>>>>
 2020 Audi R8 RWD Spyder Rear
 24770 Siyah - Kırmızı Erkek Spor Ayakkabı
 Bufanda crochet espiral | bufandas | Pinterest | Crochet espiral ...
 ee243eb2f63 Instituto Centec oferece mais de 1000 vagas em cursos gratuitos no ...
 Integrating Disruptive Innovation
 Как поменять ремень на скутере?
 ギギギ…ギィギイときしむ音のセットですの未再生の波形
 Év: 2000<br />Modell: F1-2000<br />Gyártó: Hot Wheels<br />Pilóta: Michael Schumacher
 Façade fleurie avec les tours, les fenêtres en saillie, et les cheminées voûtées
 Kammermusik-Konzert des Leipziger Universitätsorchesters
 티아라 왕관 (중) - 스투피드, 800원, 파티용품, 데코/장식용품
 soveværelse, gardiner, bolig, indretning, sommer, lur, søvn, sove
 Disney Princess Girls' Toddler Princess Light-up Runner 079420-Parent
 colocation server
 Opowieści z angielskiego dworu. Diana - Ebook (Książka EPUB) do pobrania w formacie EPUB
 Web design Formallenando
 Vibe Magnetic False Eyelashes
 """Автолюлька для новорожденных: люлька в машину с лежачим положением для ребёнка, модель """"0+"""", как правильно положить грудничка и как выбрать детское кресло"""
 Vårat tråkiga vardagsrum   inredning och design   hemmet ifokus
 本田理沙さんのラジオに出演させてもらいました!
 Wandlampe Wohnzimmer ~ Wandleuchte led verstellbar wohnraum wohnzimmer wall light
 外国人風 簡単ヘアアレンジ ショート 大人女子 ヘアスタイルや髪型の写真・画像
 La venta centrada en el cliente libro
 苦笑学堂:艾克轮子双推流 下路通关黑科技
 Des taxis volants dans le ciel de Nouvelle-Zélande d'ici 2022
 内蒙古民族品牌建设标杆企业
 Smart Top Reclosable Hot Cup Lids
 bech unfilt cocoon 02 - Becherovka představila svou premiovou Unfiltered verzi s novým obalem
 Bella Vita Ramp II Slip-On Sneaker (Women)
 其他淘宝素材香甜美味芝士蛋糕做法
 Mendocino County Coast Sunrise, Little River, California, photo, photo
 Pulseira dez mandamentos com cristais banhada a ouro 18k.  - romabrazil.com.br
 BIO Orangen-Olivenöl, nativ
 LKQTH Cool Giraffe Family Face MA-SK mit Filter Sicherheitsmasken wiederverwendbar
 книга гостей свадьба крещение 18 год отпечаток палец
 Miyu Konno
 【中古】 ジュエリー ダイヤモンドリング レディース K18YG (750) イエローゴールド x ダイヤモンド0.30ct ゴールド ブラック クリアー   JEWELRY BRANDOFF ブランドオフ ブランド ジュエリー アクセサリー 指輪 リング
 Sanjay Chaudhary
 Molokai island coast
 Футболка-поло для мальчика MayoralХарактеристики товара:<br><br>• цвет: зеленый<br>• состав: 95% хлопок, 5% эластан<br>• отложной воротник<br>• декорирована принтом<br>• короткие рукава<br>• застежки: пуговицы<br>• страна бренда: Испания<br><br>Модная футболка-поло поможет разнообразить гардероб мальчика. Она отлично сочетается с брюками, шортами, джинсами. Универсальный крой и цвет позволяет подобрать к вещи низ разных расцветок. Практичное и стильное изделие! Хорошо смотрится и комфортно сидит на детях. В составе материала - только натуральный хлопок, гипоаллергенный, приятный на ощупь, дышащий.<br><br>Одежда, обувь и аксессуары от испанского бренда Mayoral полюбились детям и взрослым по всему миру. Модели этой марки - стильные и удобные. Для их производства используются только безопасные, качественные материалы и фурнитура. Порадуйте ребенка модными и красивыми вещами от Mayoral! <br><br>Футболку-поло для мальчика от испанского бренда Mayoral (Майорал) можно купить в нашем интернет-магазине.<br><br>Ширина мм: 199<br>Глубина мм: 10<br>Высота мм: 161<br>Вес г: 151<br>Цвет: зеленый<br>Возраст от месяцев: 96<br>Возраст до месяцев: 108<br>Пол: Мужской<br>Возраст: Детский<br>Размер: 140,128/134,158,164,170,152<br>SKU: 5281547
<<<<
Using the data above, transcribe the lines that run from the line with "24770 Siyah - Kırmızı Erkek Spor Ayakkabı" to the line with "Smart Top Reclosable Hot Cup Lids", both ends kept, and output nothing else.

 24770 Siyah - Kırmızı Erkek Spor Ayakkabı
 Bufanda crochet espiral | bufandas | Pinterest | Crochet espiral ...
 ee243eb2f63 Instituto Centec oferece mais de 1000 vagas em cursos gratuitos no ...
 Integrating Disruptive Innovation
 Как поменять ремень на скутере?
 ギギギ…ギィギイときしむ音のセットですの未再生の波形
 Év: 2000<br />Modell: F1-2000<br />Gyártó: Hot Wheels<br />Pilóta: Michael Schumacher
 Façade fleurie avec les tours, les fenêtres en saillie, et les cheminées voûtées
 Kammermusik-Konzert des Leipziger Universitätsorchesters
 티아라 왕관 (중) - 스투피드, 800원, 파티용품, 데코/장식용품
 soveværelse, gardiner, bolig, indretning, sommer, lur, søvn, sove
 Disney Princess Girls' Toddler Princess Light-up Runner 079420-Parent
 colocation server
 Opowieści z angielskiego dworu. Diana - Ebook (Książka EPUB) do pobrania w formacie EPUB
 Web design Formallenando
 Vibe Magnetic False Eyelashes
 """Автолюлька для новорожденных: люлька в машину с лежачим положением для ребёнка, модель """"0+"""", как правильно положить грудничка и как выбрать детское кресло"""
 Vårat tråkiga vardagsrum   inredning och design   hemmet ifokus
 本田理沙さんのラジオに出演させてもらいました!
 Wandlampe Wohnzimmer ~ Wandleuchte led verstellbar wohnraum wohnzimmer wall light
 外国人風 簡単ヘアアレンジ ショート 大人女子 ヘアスタイルや髪型の写真・画像
 La venta centrada en el cliente libro
 苦笑学堂:艾克轮子双推流 下路通关黑科技
 Des taxis volants dans le ciel de Nouvelle-Zélande d'ici 2022
 内蒙古民族品牌建设标杆企业
 Smart Top Reclosable Hot Cup Lids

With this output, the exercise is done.